In both cases, the target market is younger, probably single, 20-and-30-somethings who like the idea of living within walking distance of the action of Fourth Street Live, the Yum Center and the Main Street bar and restaurant scene. And, in the case of 310 at NuLu, it’s three blocks from the nearby medical centers and hospitals, aiming at med and dental students, residents, interns, young physicians, nurses and staff members.

“I think today’s young people, especially in Louisville, are more willing to spend a little bit more to live by themselves,” says Scherer. “The privacy, the independence, the peace and quiet.”

He notes that Louisville is a relatively new urban rental market. “In New York or Chicago, young renters are accustomed to squeezing into small apartments with lots of roommates; it’s often the only way to get available, affordable downtown apartment space. But in Louisville, where people are used to larger living spaces, young renters are more likely to want to live by themselves – so the smaller, more affordable, units work.”

That’s good for the renters, but also good for the developers. Because the size and rent of the units are not arbitrary. According to Scherer, all the analysis says you need to charge rents of about $1.25-$1.40 per square foot to maximize your profits. That’s the sweet spot.

“So if that demographic is looking to spend about $700 a month in rent, you do your arithmetic and the ideal apartment becomes a 500-square-foot studio or one-bedroom,” he says. “Less than that and the developer won’t make enough money. More than that and he’ll price himself out of the market.

“If you can’t get that $1.25 or so for a new rental project today, the project won’t get built. The market is thin at the $2,000-a-month level, and developers always shoot for where the market is fat.”

But size of the unit is not only being driven by the desire and willingness of the market. Land is expensive and construction costs are high – especially, says Scherer, on East Main and East Market, where developers have to compete with commercial users, which makes the property costs that much higher.

“It’s difficult to make a project work if the price tag for land starts at $35 a square foot.”

It’s also difficult to make a project work unless you pack as many units into a building as possible to achieve the density necessary to reach the profit level.

“You’re not going to find those 1,000-square-foot apartments in this market,” Scherer says. “It’s going to be small, or it isn’t going to be developed.”

He says you won’t see many 30-unit developments in Louisville. “These guys want to do 100 units and they’d really prefer 300 units. It’s the economies of scale. The more smaller units you can get into a building, the better your financial model.”

So the market is booming, steam shovels and cranes operating at maximum capacity in every corner of downtown Louisville?

Uh, no.

“Actually, we’re in a bit of a standoff right now,” Scherer acknowledges. “There’s not a lot of available land, and what is available is expensive. And the closer to the CBD, the more expensive the land becomes. The more expensive the land, the greater the density you have to develop. And the greater the density, the greater the risk. The developer has to ask how long it will take to rent 100 units?”

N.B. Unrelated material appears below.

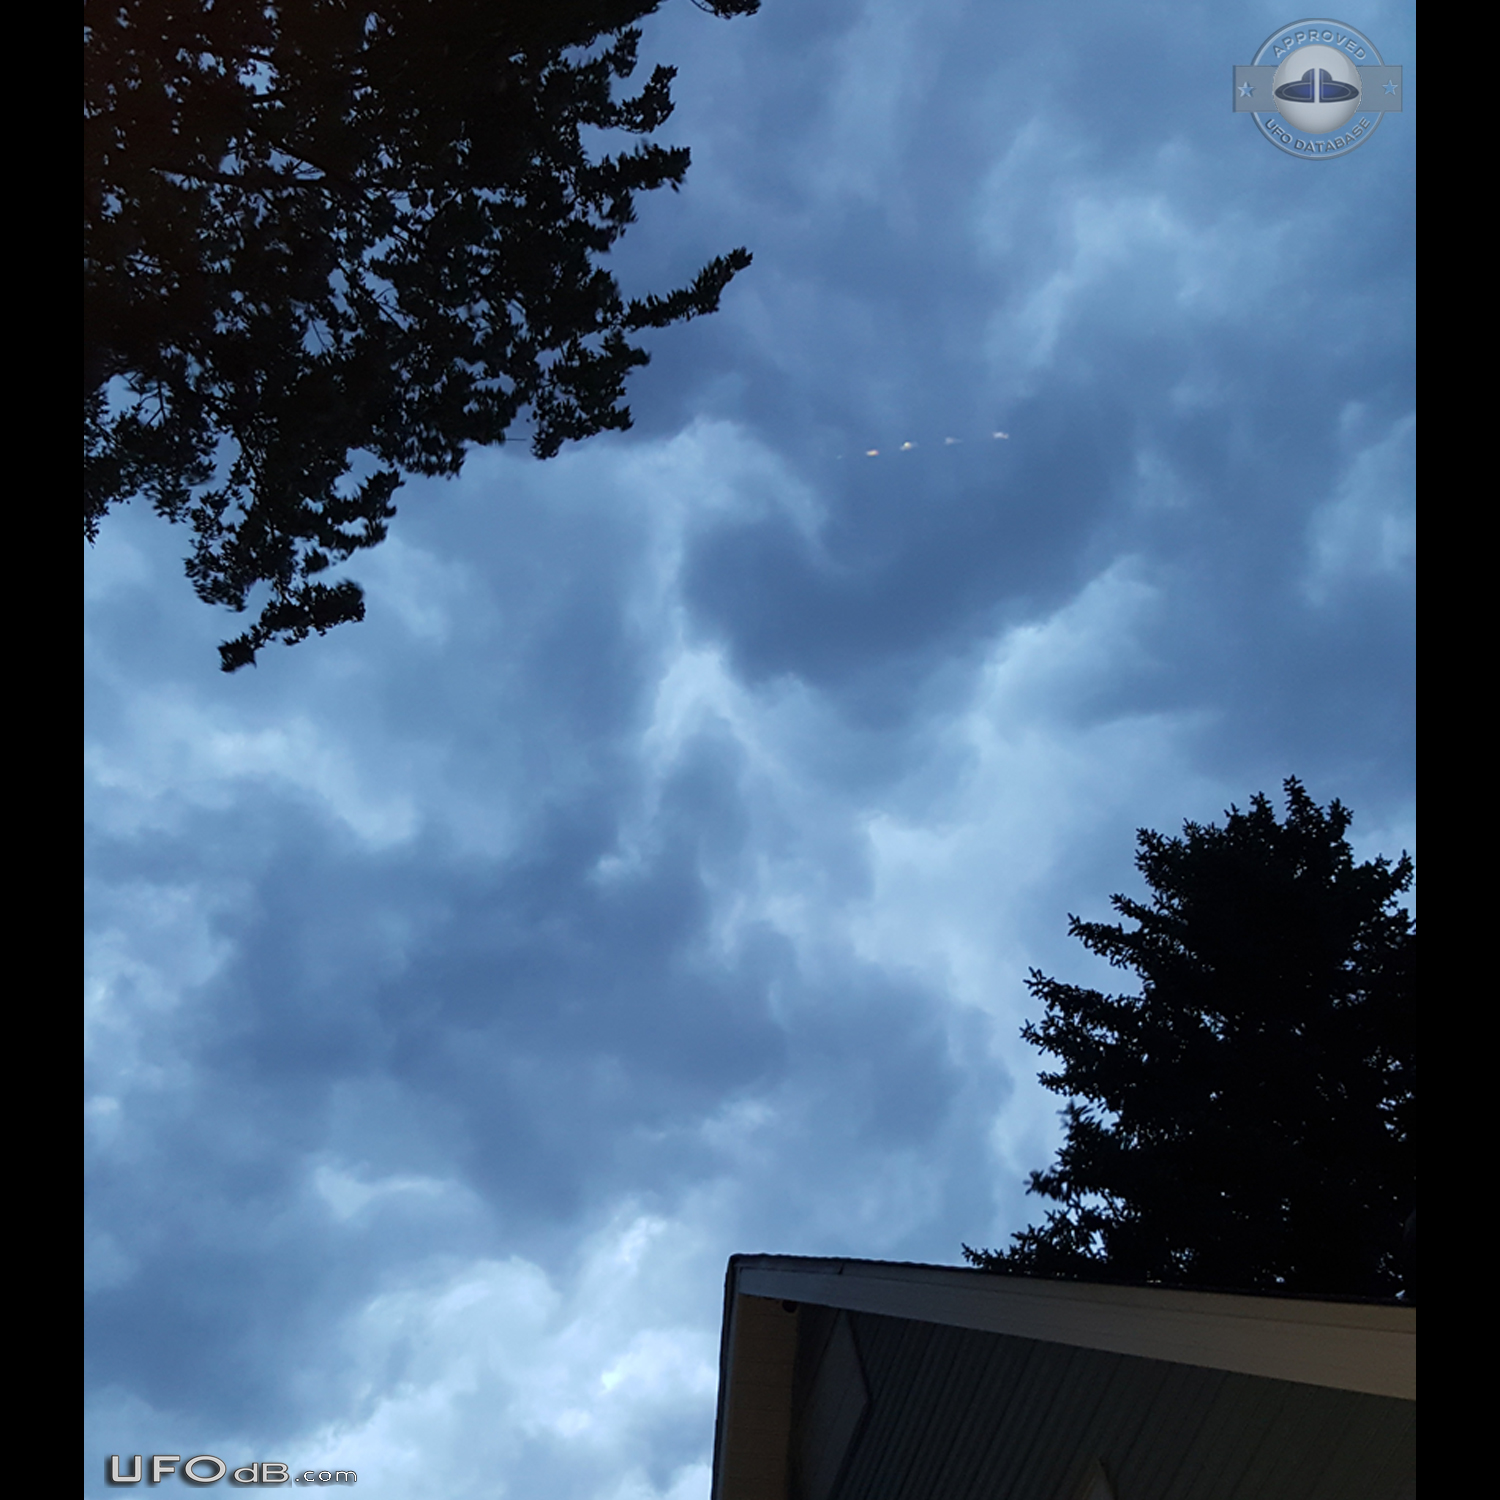 Looked like 5 disks UFOs appeared then disappeared just as fast - Indi UFO Picture #800-2

There are serious discussions going on right now between interested developers and the mayor’s office and the Downtown Development Corp., but there’s only a limited amount of things they can do, he says: “The city’s bag of tax credits is empty.”

Still, Scherer says, “We’ve identified the demand and we’ve identified the product to meet that demand. We have a lot of developers eager to get into this market, and banks eager to make some loans.

“I think we’ll see the logjam break and things start to happen. There’s a pretty simple rule in real estate: Developers always go where the money is.”